Но если «Евгений Онегин» волновал ученицу начальной школы, то душу отроковицы томило «Танго соловья». Какие там звучали скрипки, как они заливались, вздыхали, плакали — и как скоротечна оказалась моя к ним любовь. И умерла она в тот мартовский день, когда на мои именины пришли наши с мамой друзья: писатель дядя Леша и музыковед тетя Лиза. Едва они перешагнули порог нашей комнаты, я потащила их к проигрывателю, чтоб поставить слегка поцарапанную от неумеренной моей любви пластинку. Как только застонали скрипки, я взглянула на своих друзей, готовясь увидеть на их лицах волнение и слезы. Ведь плакала же тетя Лиза, когда я читала свои прозаические и поэтические опыты. Но вместо волнения и слез я обнаружила недоуменные взгляды и насмешливые улыбки. Когда отзвучали последние аккорды, дядя Леша принялся молча барабанить пальцами по столу, а тетя Лиза с состраданьем в голосе спросила: «Тебе это нравится?» — на что я, неожиданно для самой себя, ответила предательским «не знаю». Чары рассеялись.
Любовь и вероломство, музыка и неверность почти всегда неразлучны. Сколько их было в моей жизни — залюбленных, заигранных, загубленных неуемной страстью пластинок, к которым я потом долгие годы не могла прикоснуться. Так, в разные периоды своей жизни я до отвращения заслушала «Карнавал» Шумана, некоторые сонаты Бетховена, «Бранденбургские концерты» Баха, фортепианные — Шопена, его же B-moll’ную сонату, чье порывистое, полное тоски и смятения начало чуть не свело меня с ума. Я не знала, что с ним делать. Оно преследовало меня с утра до вечера, звучало во мне, чем бы я ни занималась, но, едва я ставила пластинку, быстро кончалось, исчезало, не оставив мне ничего, кроме томления по началу.
Как-то раз мама, отправившись по заданию редакции «Советской музыки» на студию «Мелодия», вернулась оттуда с двумя огромными роскошными пластинками западного производства. На глянцевой цветной рубашке одной красовались американский флаг, исписанный нотный лист, военная фуражка, пенсне и надпись по-английски: A TRIBUTE TO GLENN MILLER. На другой рядом с чернокожей красавицей, сидящей за стойкой бара, крупными белыми буквами было написано: GERSHWIN. PORGY AND BESS. В моей жизни началась новая эпоха — эпоха джаза. Рядом с дисками Гершвина и Миллера встали пластинки Эллы Фитцджеральд, Луи Армстронга, Дюка Эллингтона, Фрэнка Синатры. Я не столько слушала, сколько все это танцевала, изгибаясь, вращаясь, выдумывая какие-то немыслимые движения в неутолимом стремлении слиться с музыкой, стать частью ее и хоть ненадолго избавиться от мучительного чувства неразделенной к ней любви.
Однажды я поверила, что музыка и в самом деле может мне принадлежать и звучать для меня одной.

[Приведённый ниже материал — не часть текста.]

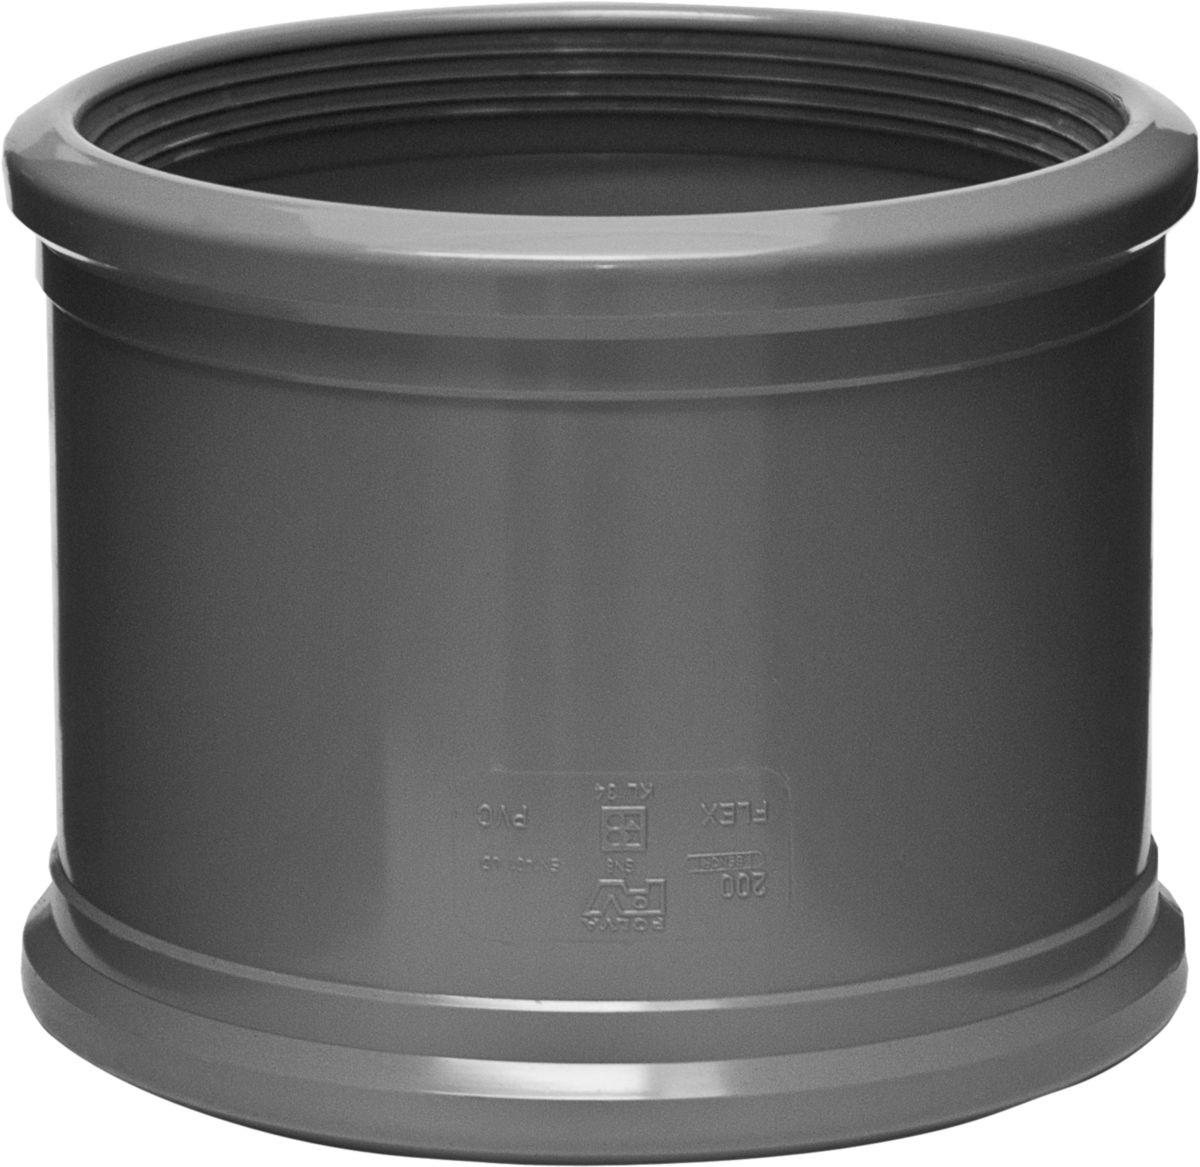 Manchon Pvc Coulissant Sdr41cr4 Diamètre 110mm Pipelife 1196900809

В этом убедила меня Он — мой белокурый и голубоглазый однокурсник, который дивно играл на рояле, посвящая мне каждую сыгранную ноту.
«Как это ужасно, что вы вместе учитесь», — посетовала в разговоре со мной умудренная жизнью студентка пятого курса. «Почему?» — изумилась я, купаясь в волнах безмятежного счастья. В правоте ее слов мне пришлось убедиться слишком скоро. «Что ты в ней нашел?» — читалось во взгляде его мамы, когда я пришла к ним в гости. «Что ты в ней нашел?» — читалось в его взгляде на следующий день. Мы еще продолжали встречаться, он еще играл мне «Грезы любви» Листа, «Посвящение» Шумана и что-то другое из клиберновского репертуара, которым увлекался в незабвенном 1958-м. Но теперь каждая нота твердила об одном: «Не тебе, не тебе, не твое».